From the material below, retype exactly the lines that begin at the line with "Measles Vaccine-Preventable Diseases" and end after the line with "Taylor + Dillon."; pictures stay out of the copy.

Recorded information:
○ ○ ○ ○ ○

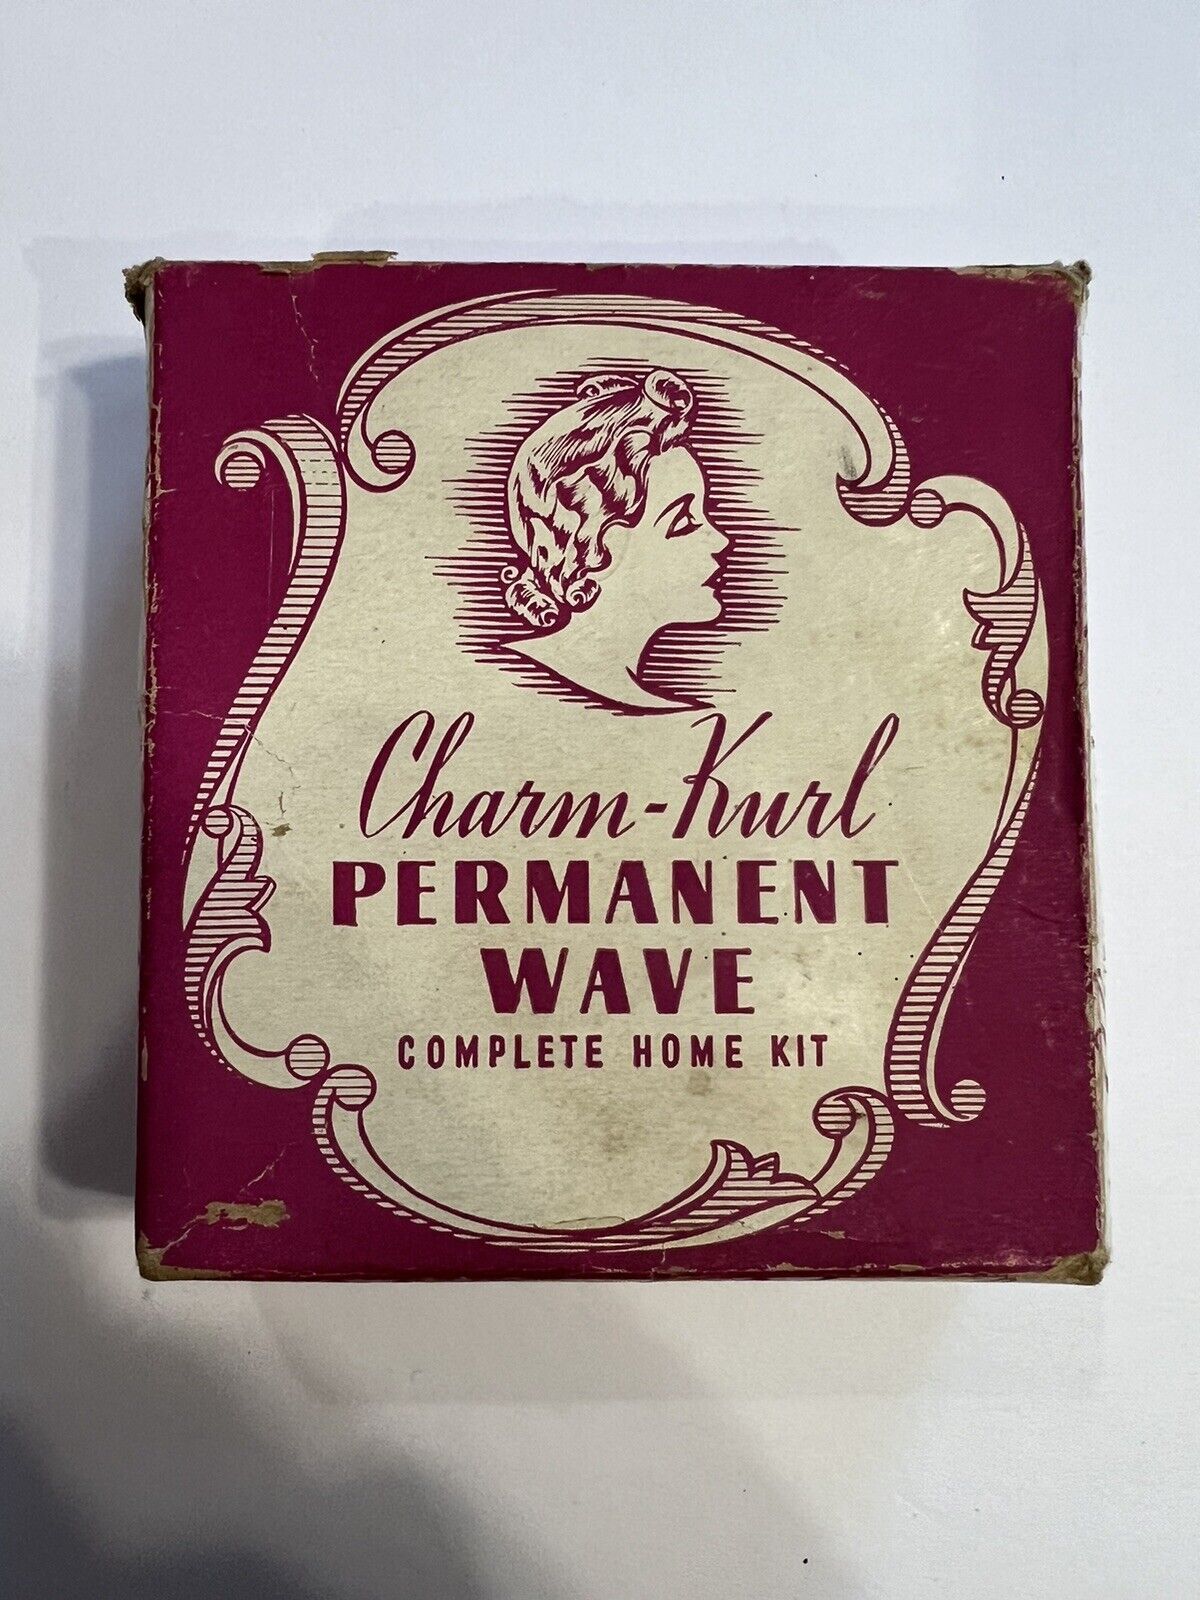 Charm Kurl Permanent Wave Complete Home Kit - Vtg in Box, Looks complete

○ ○ ○ ○ ○

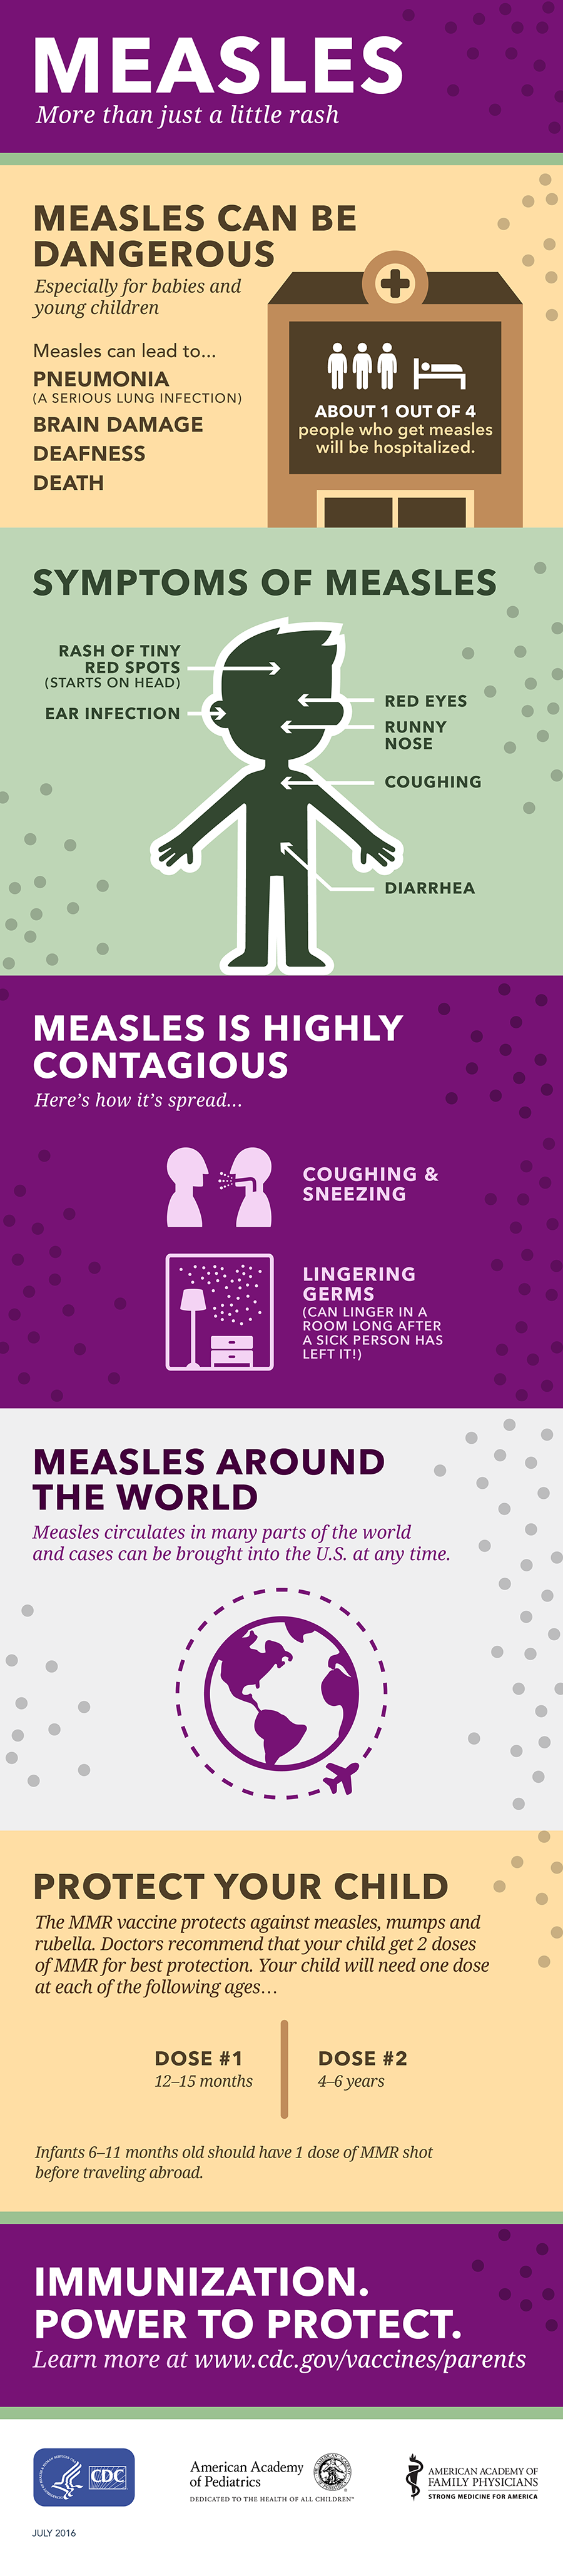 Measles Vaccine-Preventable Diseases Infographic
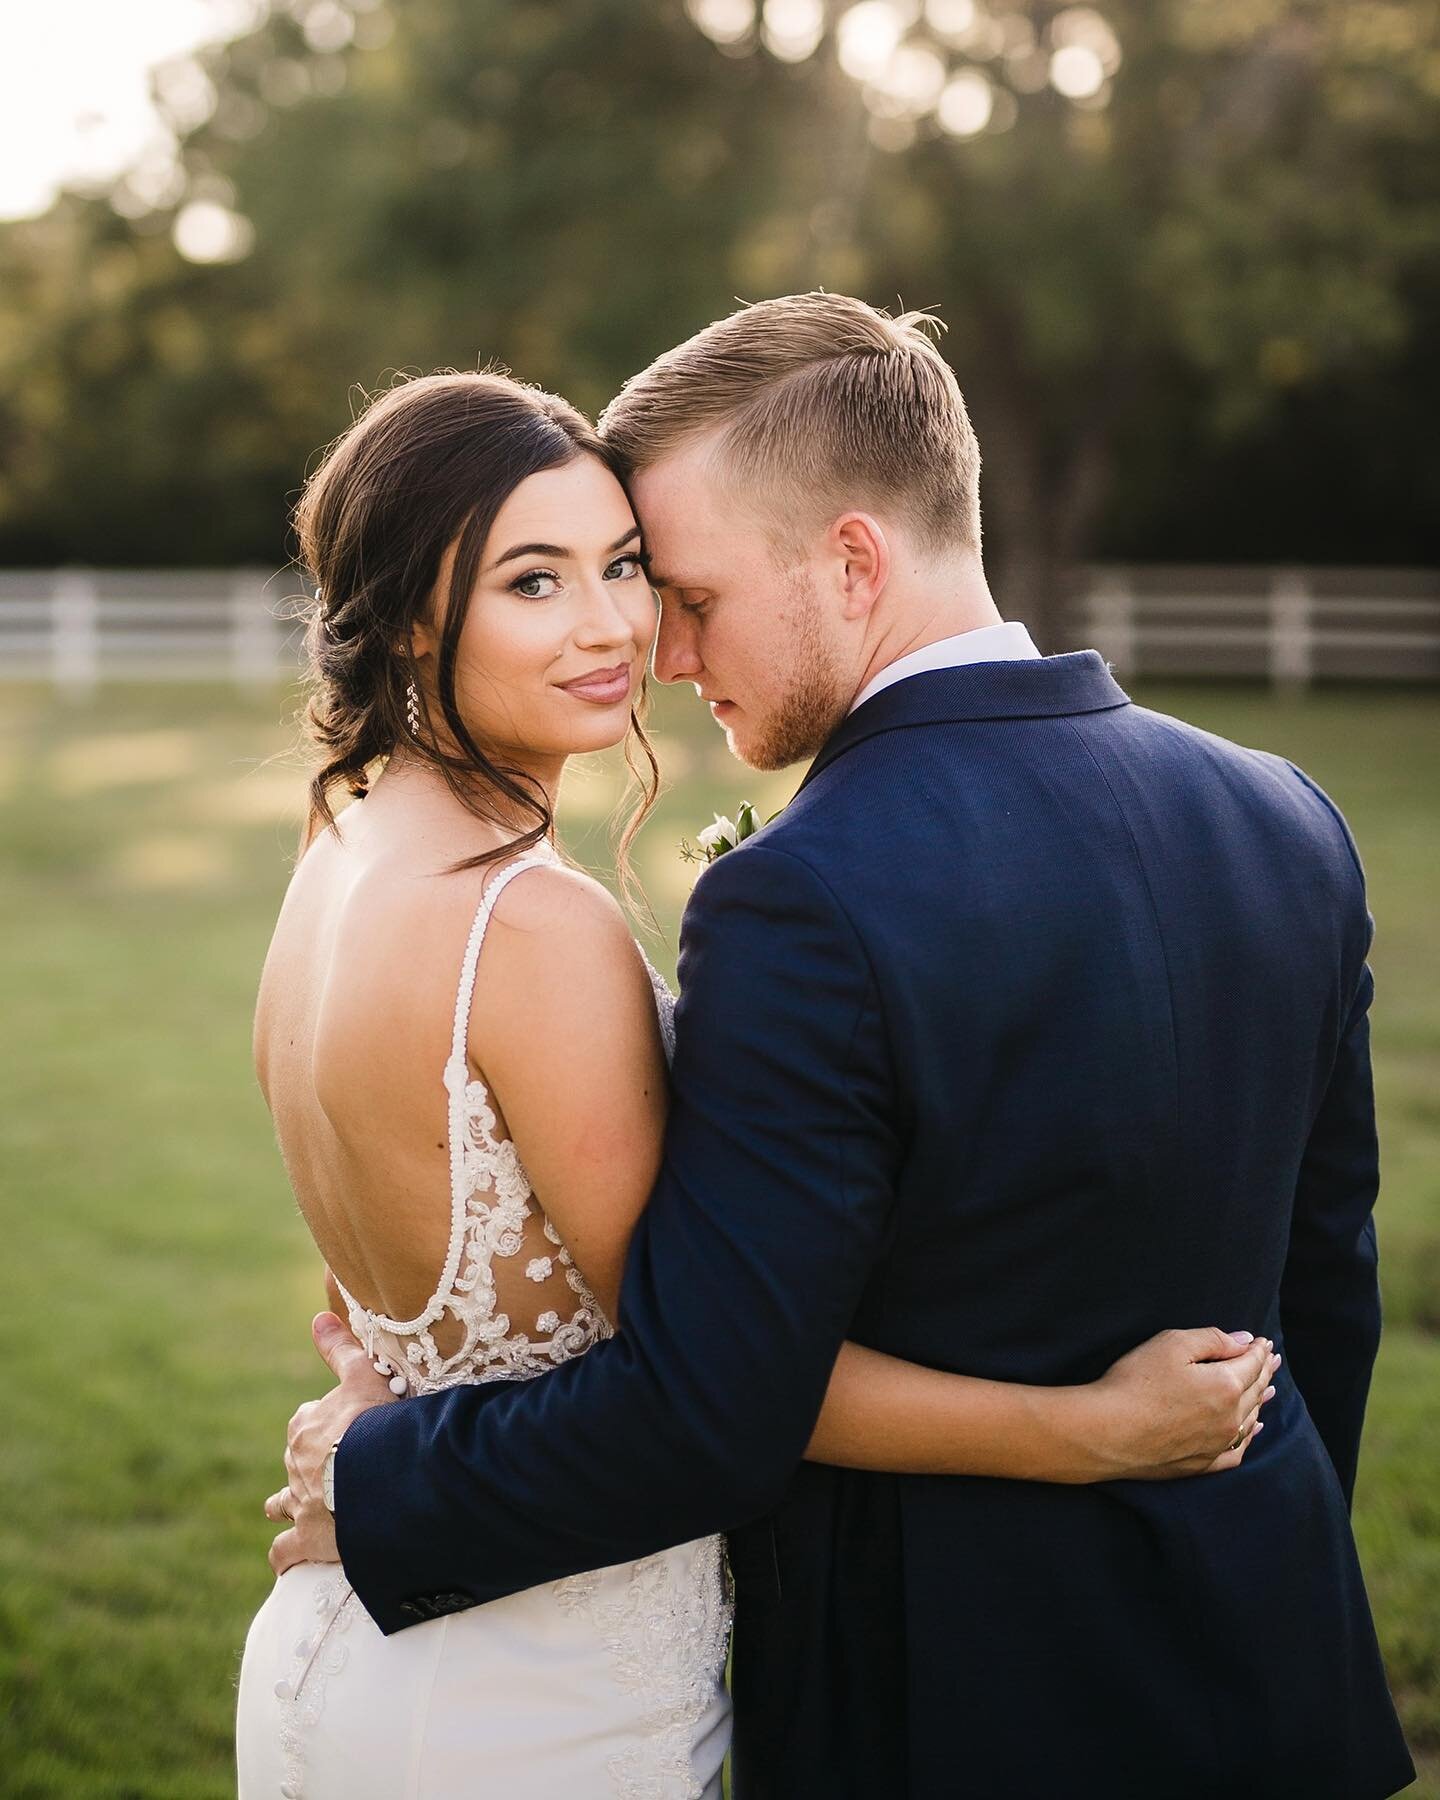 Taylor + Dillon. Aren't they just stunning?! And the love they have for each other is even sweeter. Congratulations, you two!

○ ○ ○ ○ ○

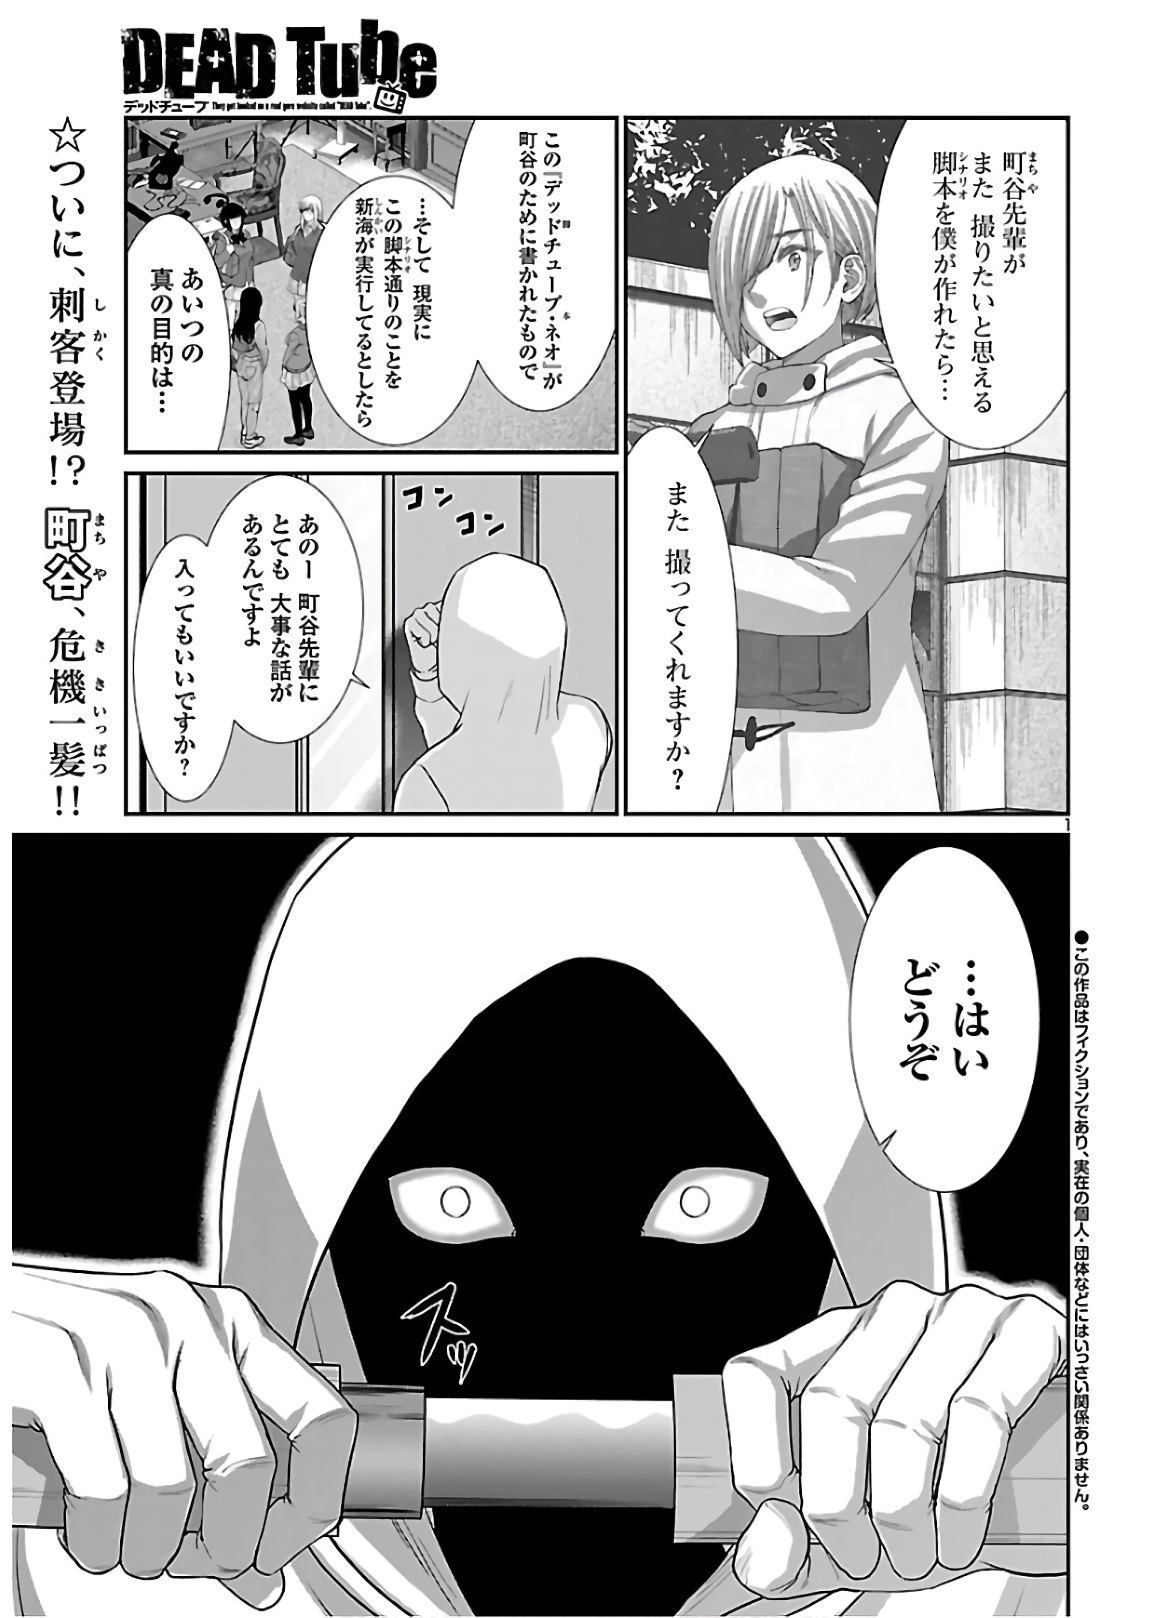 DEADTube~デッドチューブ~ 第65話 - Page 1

○ ○ ○ ○ ○

Expected answer:
 Measles Vaccine-Preventable Diseases Infographic
 Taylor + Dillon. Aren't they just stunning?! And the love they have for each other is even sweeter. Congratulations, you two!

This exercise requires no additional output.